### WHAT YOU ARE ASKED TO DO
The whole listing, pictures aside, should be reproduced exactly.

### DATA EXCERPT

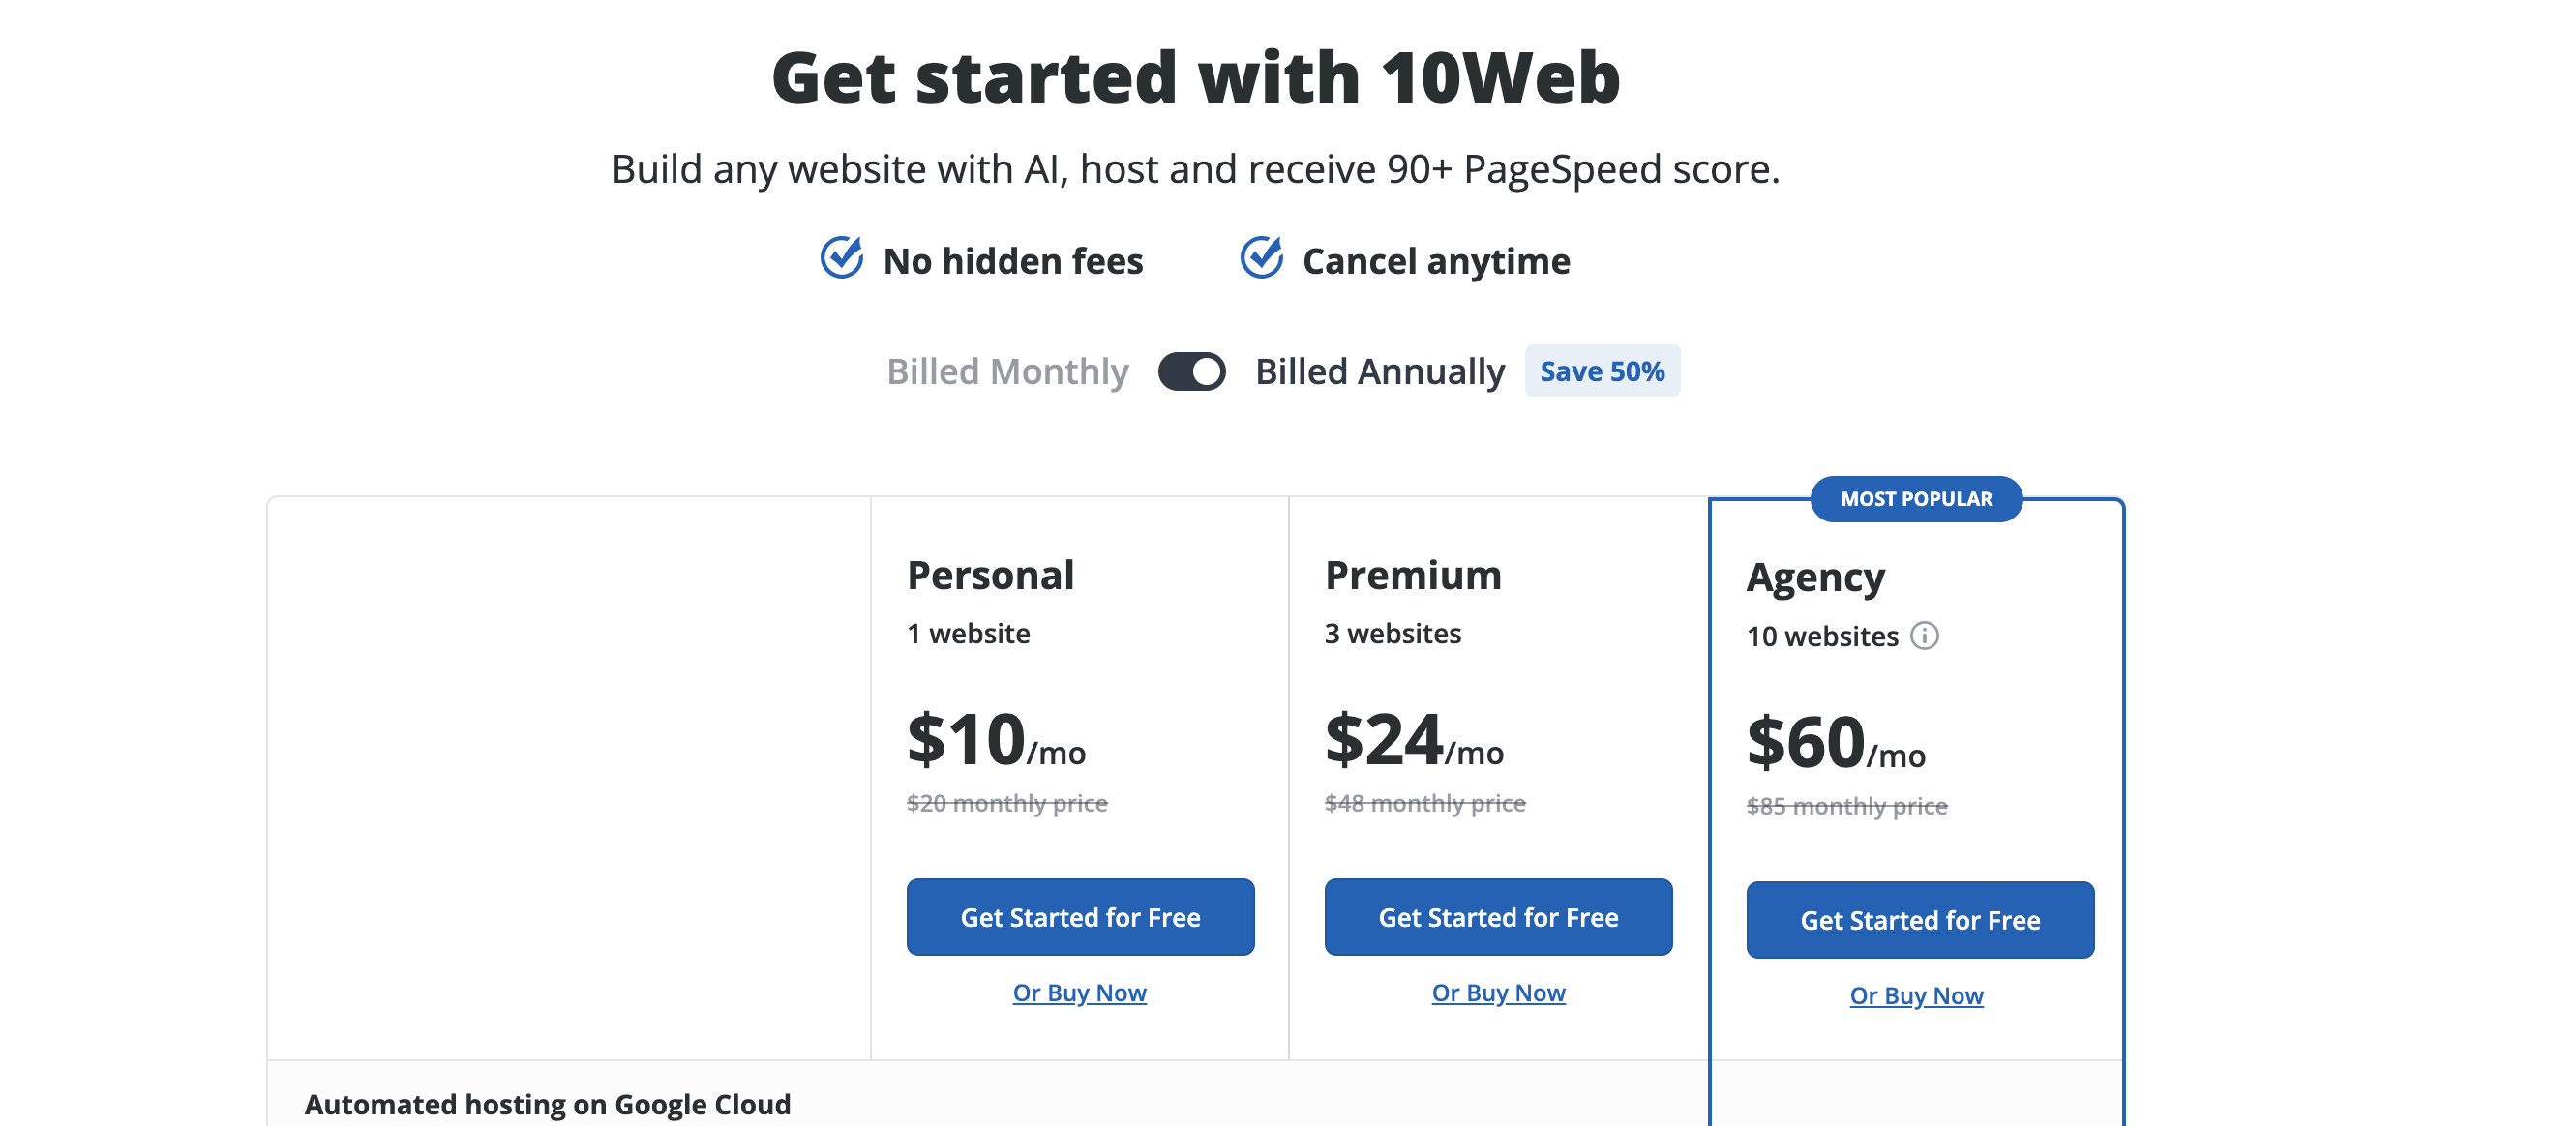 10web pricing plans 
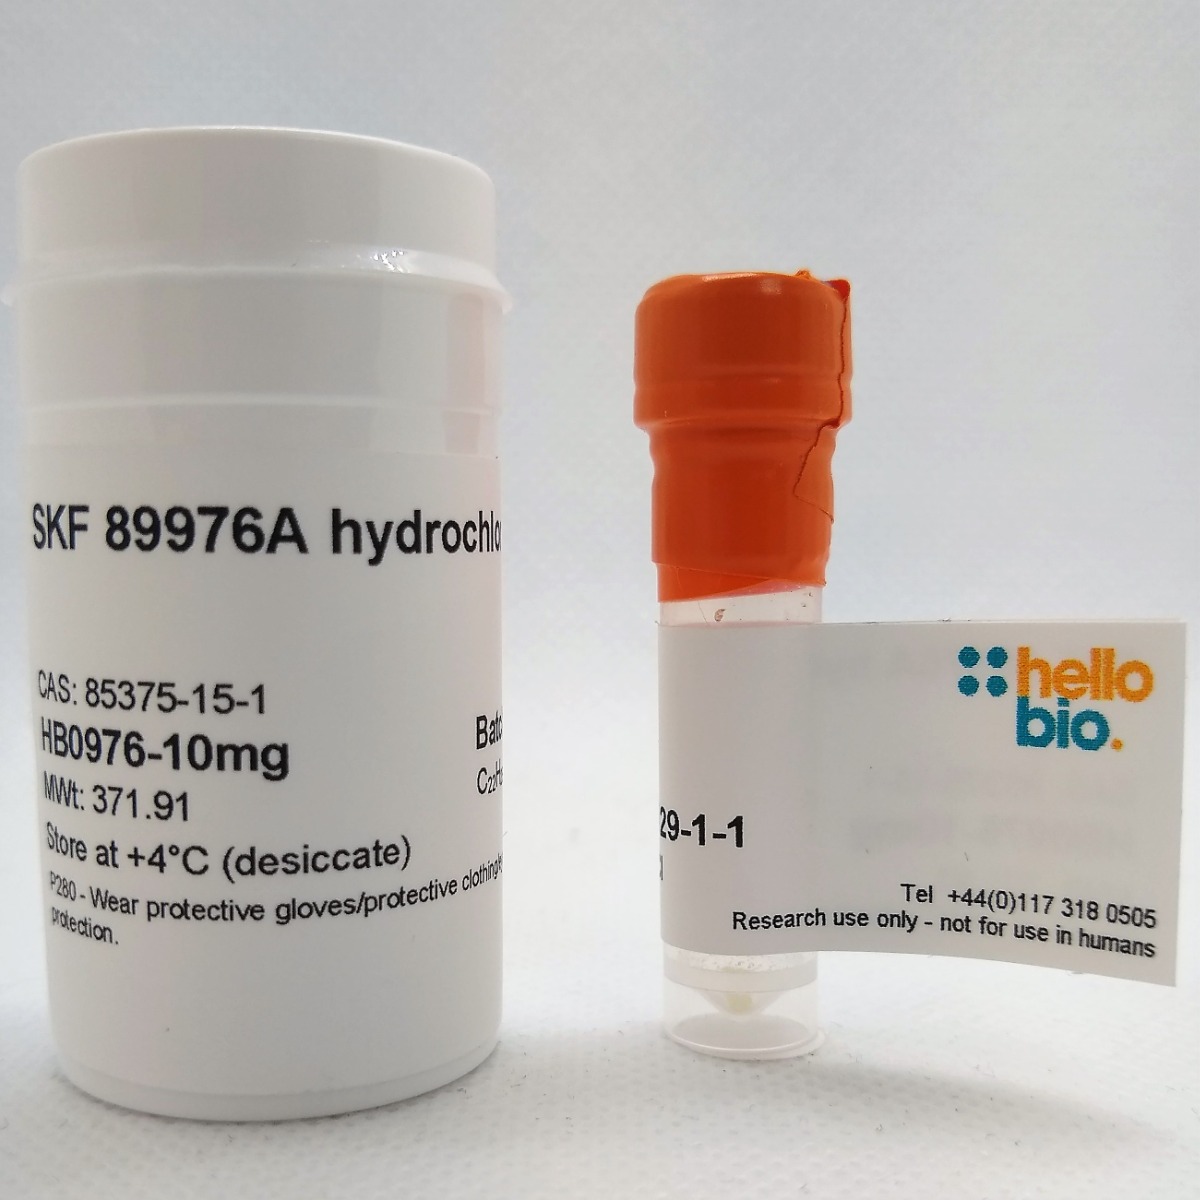 SKF 89976A hydrochloride product vial image | Hello Bio
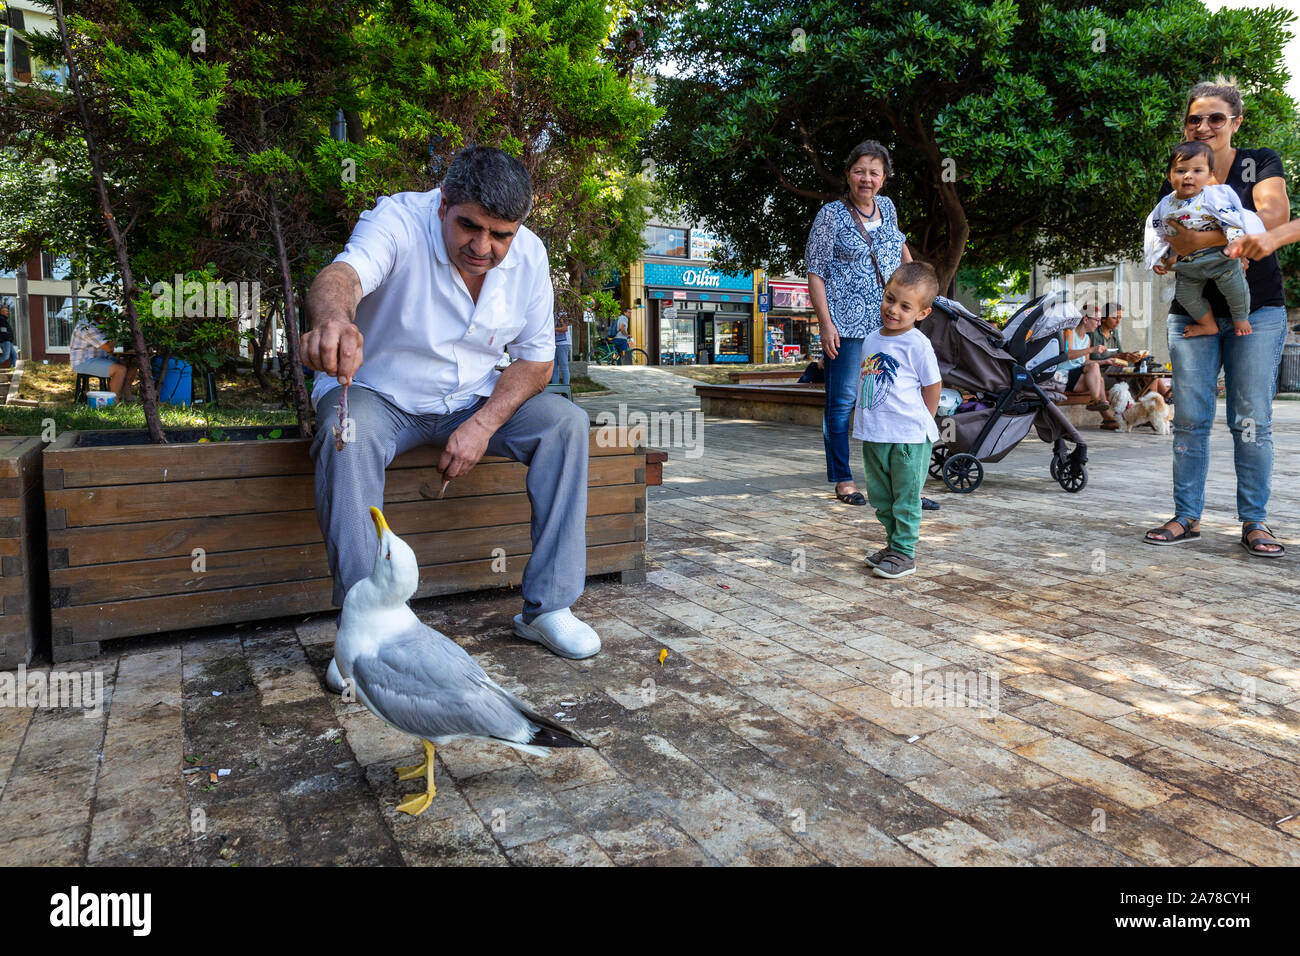 People feeding seagull at Kuzguncuk shore. Kuzguncuk is a neighborhood in the Uskudar district on the Asian side of the Bosphorus in Istanbul, Turkey. Stock Photo

### RESPONSE
 10web pricing plans 
 SKF 89976A hydrochloride product vial image | Hello Bio
 People feeding seagull at Kuzguncuk shore. Kuzguncuk is a neighborhood in the Uskudar district on the Asian side of the Bosphorus in Istanbul, Turkey. Stock Photo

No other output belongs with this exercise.